On Wednesday, Israel approved a "minimal" increase in fuel supplies to prevent a "humanitarian collapse and the outbreak of epidemics in the south of the Gaza Strip", said Netanyahu's office.

UN Secretary-General Antonio Guterres warned he expects "public order to completely break down soon due to the desperate conditions" in Gaza, with "potentially irreversible implications for Palestinians as a whole".

Israeli Foreign Minister Eli Cohen lashed out after the UN chief invoked a rare UN procedure to call for a ceasefire, charging that this would support Hamas and that Guterres' tenure was "a danger to world peace".

"We, too, want this war to end," Israeli government spokesman Eylon Levy told reporters. "But it can only end in a way that ensures that Hamas can never attack our people again."

Fighting raged on unabated as Israeli forces pushed on in their battle to kill militants and destroy their infrastructure, arms depots and tunnel shafts, hundreds of which it said it had blown up.

Three more Israeli soldiers were killed, raising the toll inside Gaza to 86, said the military.
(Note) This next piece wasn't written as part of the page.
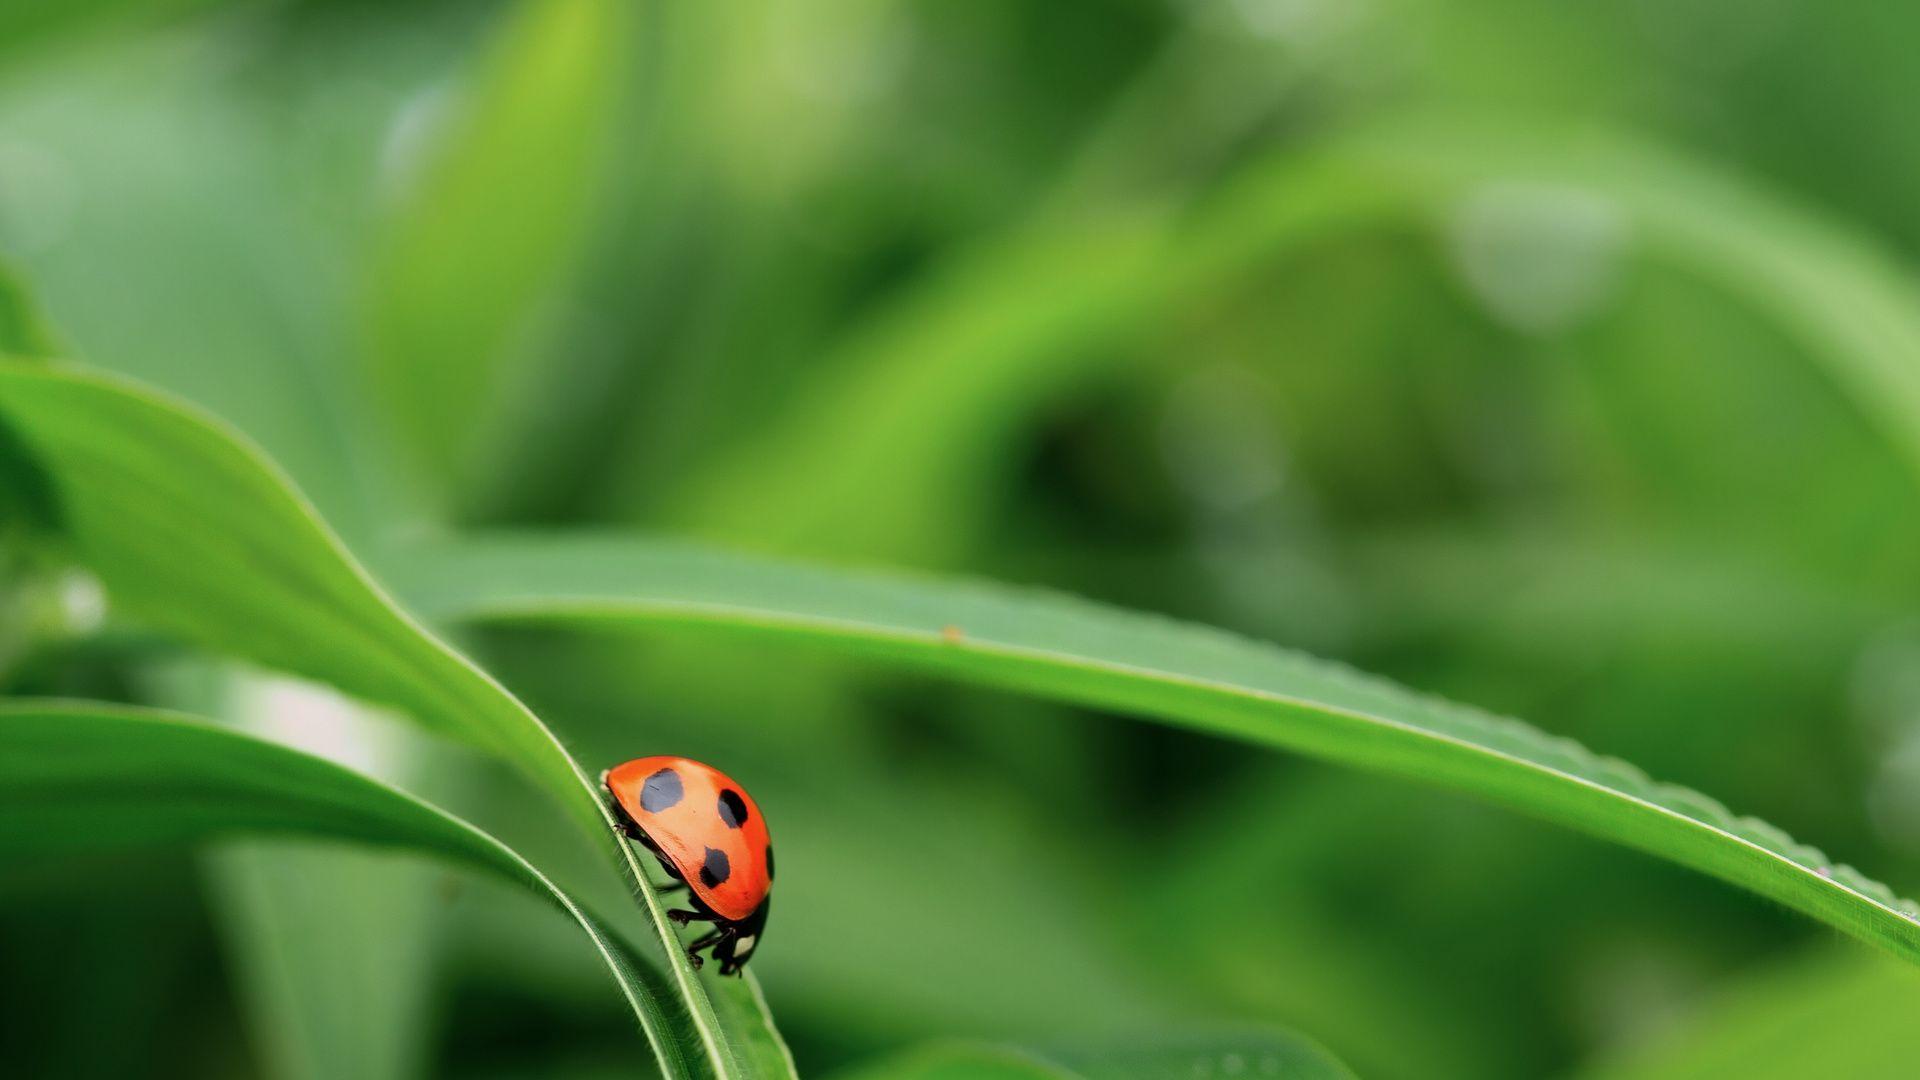 Wallpaper Ladybug 1

The army said in a morning briefing that troops had "killed Hamas terrorists and struck dozens of terror targets" in Khan Yunis and raided a military compound of Hamas's Central Jabalia Battalion.

Israeli naval forces had also "struck Hamas military compounds and infrastructure using precise ammunition and firing shells".

Hamas released footage of its fighters shooting AK-47 assault rifles and grenade launchers from inside abandoned buildings in what it said was Gaza City as fires flare outside and smoke billowed into the sky.

The Islamist group said on social media channel Telegram that its fighters were engaged in fierce battles against Israeli troops "on all axes of the incursion into the Gaza Strip".

It said it had destroyed two dozen military vehicles in Khan Yunis and in Beit Lahia in the north of the territory.

Rocket fire from inside Gaza has continued to target Israel, where the projectiles have been intercepted by air defences.

'Devastated, overwhelmed'

The war has stoked fears that Israel and its ally the United States will face widening conflict with Iran-backed armed groups including Lebanon's Hezbollah, Yemen's Huthi rebels and others in Iraq and Syria.

A surge of deadly violence has also rocked the Israeli-occupied West Bank, where authorities say more than 250 Palestinians have been killed by Israeli fire or settler attacks since the war began.

The past two months have seen near-daily exchanges of fire across the UN-patrolled Israel-Lebanon border.

An investigation by Agence France-Presse into a strike in southern Lebanon on October 13 that killed a Reuters journalist and injured six others, including two from AFP, points to a tank shell only used by the Israeli army in this high-tension border region.

The months of fighting have inflicted a heavy toll on Palestinians inside Gaza, a territory that had been blockaded and poverty-stricken for years before the war, the fifth and by far the deadliest between Israel and Hamas.

"We are devastated, mentally overwhelmed," said Khan Yunis resident Amal Mahdi. "We need someone to find us a solution so we can get out of this situation."

Another Palestinian man, Ghassan Bakr, told AFP: "We arrived here, homeless. It rained on us last night. There is no food, no bread, no flour."

In Israel, traumatic memories of the October 7 attack remain raw, and millions hold grave fears for the remaining hostages as the country is set to observe the Jewish festival of Hanukkah.

To remember those killed or abducted by Hamas from a desert music festival, the site has been recreated in an exhibition hall in Tel Aviv, complete with victims' tents and recovered belongings.

Israel says 138 hostages remain in Gaza, after the release of 105, including 80 in exchange for 240 Palestinian prisoners, during a week-long truce late last month.